New Required Reporting Proposed to Close Gender Pay Gap


On Friday, President Obama announced a proposal submitted by the EEOC that would require employers with 100+ employees to report, not just employee demographic data, but also pay data. The objective is for employers to provide data that could then be used to search for patterns of discrimination, or to support existing discrimination claims. It is hoped that the report will spotlight any inequities in pay data by gender, race, and ethnicity, and prompt employers to examine their pay practices and correct any potential discriminatory practices.

The Deets:

Who has to comply with the reporting of pay data?

  • Any employer in the US with 100+ employee

When will you have to comply?

  • The proposal was officially published on 2/1/2016, which means it has the normal 60 day commentary period until 4/1/2016.
  • Assuming all goes as planned, the first report will be due 9/30/2017, using data from any pay period between July and September of 2017. So, you have more than a year and a half to find and resolve any potential issues.

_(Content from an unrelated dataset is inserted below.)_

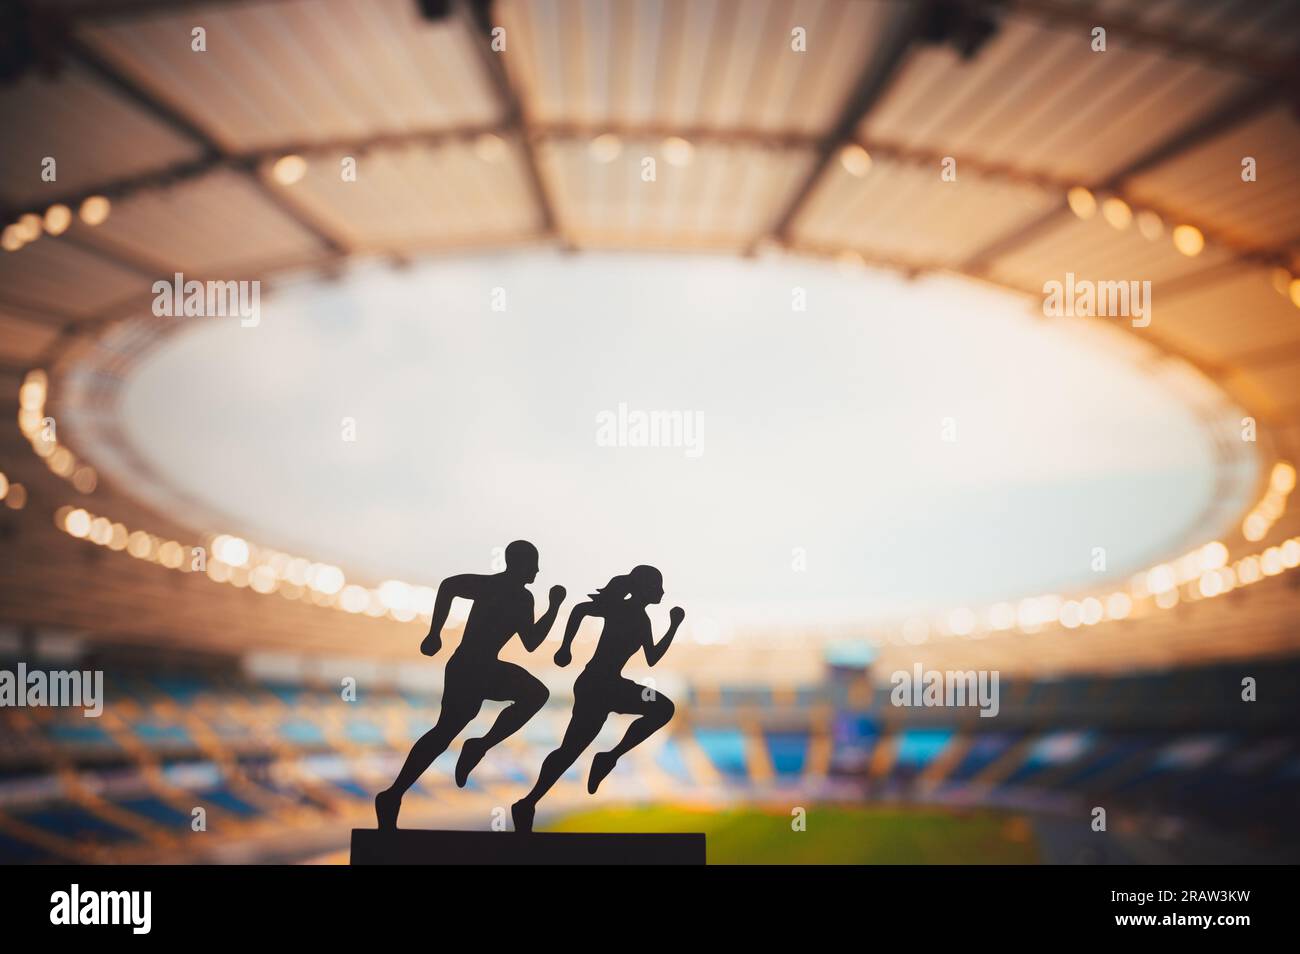 Gemeinsam nach Größe streben: Die Silhouetten männlicher und weiblicher Läufer setzen Grenzen und inspirieren sich gegenseitig in einem modernen Sportstadion. Stockfoto

What does compliance look like?

How can you comply?

This proposed reporting is huge because it makes visible any differences in pay trends. Once those differences are visible and documented, they have to be corrected. So what should you do? Get ahead of it! You’ve got some time to get your ducks in a row. Get!

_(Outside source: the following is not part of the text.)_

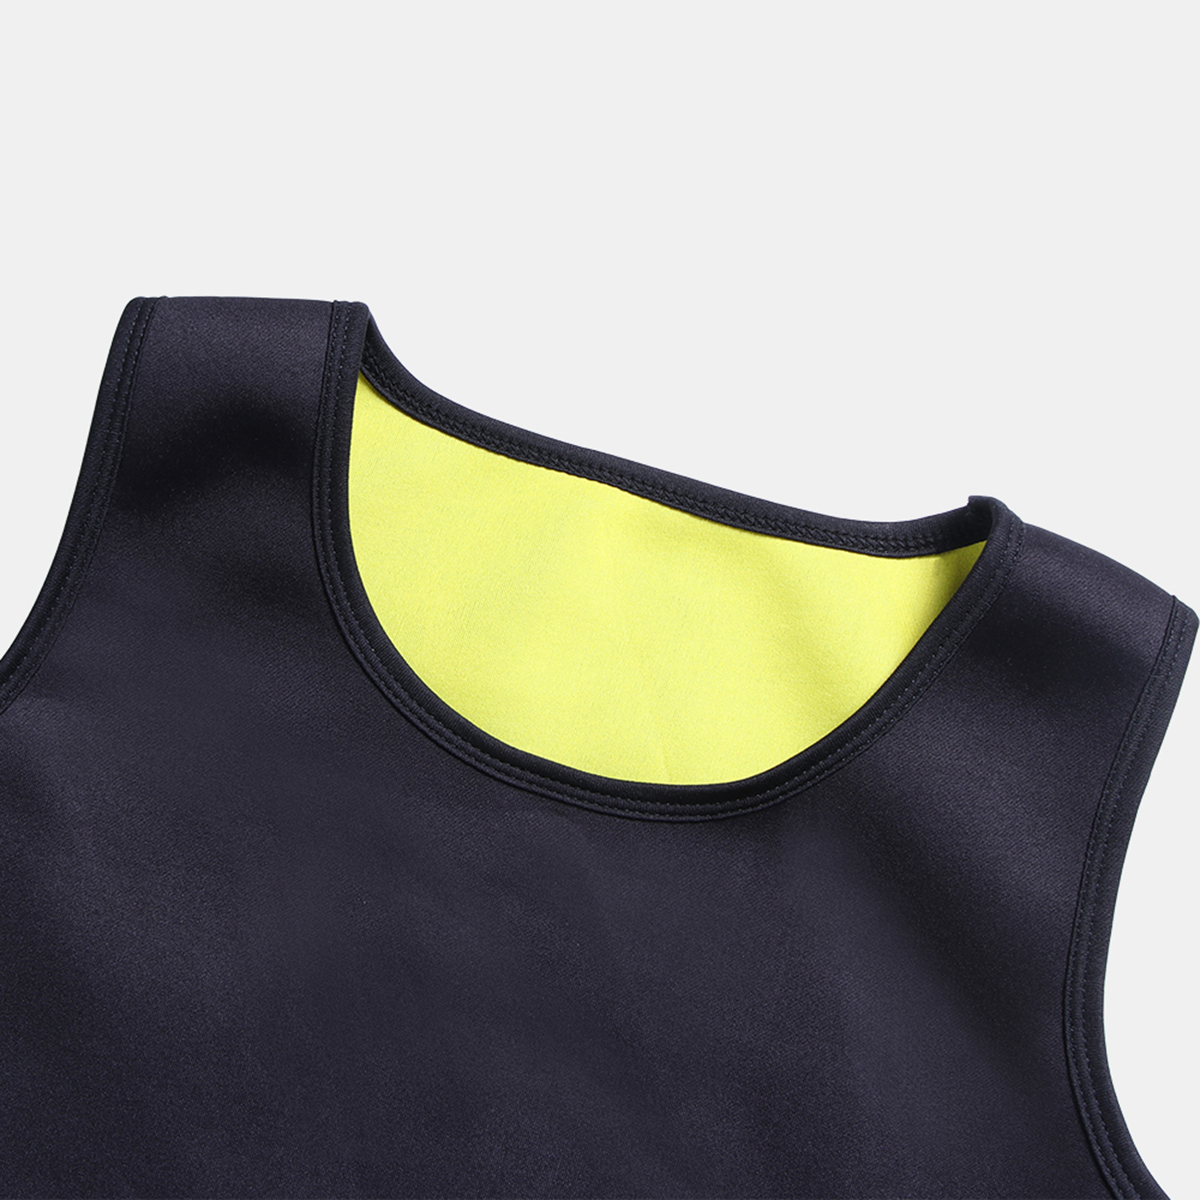 Neoprene Body Shaper Slimming Sweat Trainer Yoga Gym Cincher Vest Shapewear Men

  • Make sure you are appropriately gathering information on your employee demographics, including race, gender, and ethnicity data.

 

  • Do an audit. In most cases, if you have a lawyer conduct that audit, the results are protected by attorney/client privilege. In any case, you should absolutely be looking to see that you are paying fairly for similar positions with similar responsibilities. If you have employees in NY or California, this is triply important for you as in each of your states, there is new legislation requiring fair pay on the basis of gender. PayScale will be hosting a webinar on February 11th that digs into the California Fair Pay Act.

 

  • Have a sound compensation plan (ie legally defensible). How is your starting wage determined? How are increases determined? Make sure that you can explain any difference in pay that exists.
  • Ensure that pay practices are clear and documented. Every manager should know how pay is determined in your organization.
  • Training your managers on what pay discrimination means, and the laws that prevent it. You’ll need their help to comply.

Here’s something not to do: don’t decide to pay everyone the same because you’re afraid of reporting on you pay practices. Performance still matters, and it matters even more to the millennial population that is now the workforce’s largest population. Notice that a lot of litigation is talking now about fair pay not equal pay. It’s fair to be paid more if, given the same experience and opportunities, your work outperforms your peer’s work—regardless of which demographic box you fit into.

Go Beyond Compliance

On Friday, President Obama also announced that there will be a White House summit on “the United State of Women” in May. Much like he isn’t stopping with mere compliance, you can’t afford to do so either. Complying with the law is like trying to skimp by with the lowest performance possible to remain employed. Don’t just comply, get it right. And then once you’ve gotten it right, brag about it.

For a couple years now, a number of silicon valley tech companies have been reporting their pay diversity data. They’re committing to improving the pay bias they have, and reporting about those results. Millennials, as employees, are turning to employers who have fair pay. More than that, Millennials, as customers, are turning to companies that have fair practices as well. And the kind of fair pay that you can brag about isn’t mere compliance, it’s a much deeper and broader sense of fair pay that says:

  • For people working in similar jobs, we don’t have pay discrimination based on your demographic (gender, race, ethnicity)
  • We seek to have gender and racial diversity in our tech roles, which have tended to be less diverse
  • We seek to have gender and racial diversity in our leadership roles, which have tended to be less diverse

Now getting that right? That’s really something to brag about. Complying with the law is boring and kind of old school. Of the 50 states plus the District of Columbia, only 7 don’t have explicit equal pay laws regarding gender. And of those 7 states, 5 already have anti-discrimination laws on the books. Bottom line, in most places, fair pay is already legislated, it’s just not enforced. The litigation in NY and California, along with this proposed mandatory reporting, just seeks to push harder on the existing foundation. So find out where you are, and push the envelope a little. After all, were we not all created equal?

 

DISCLAIMER: this is intended to be informational, not to serve as legal advice.  If you think you have a potential pay discrimination issue, seek out a lawyer.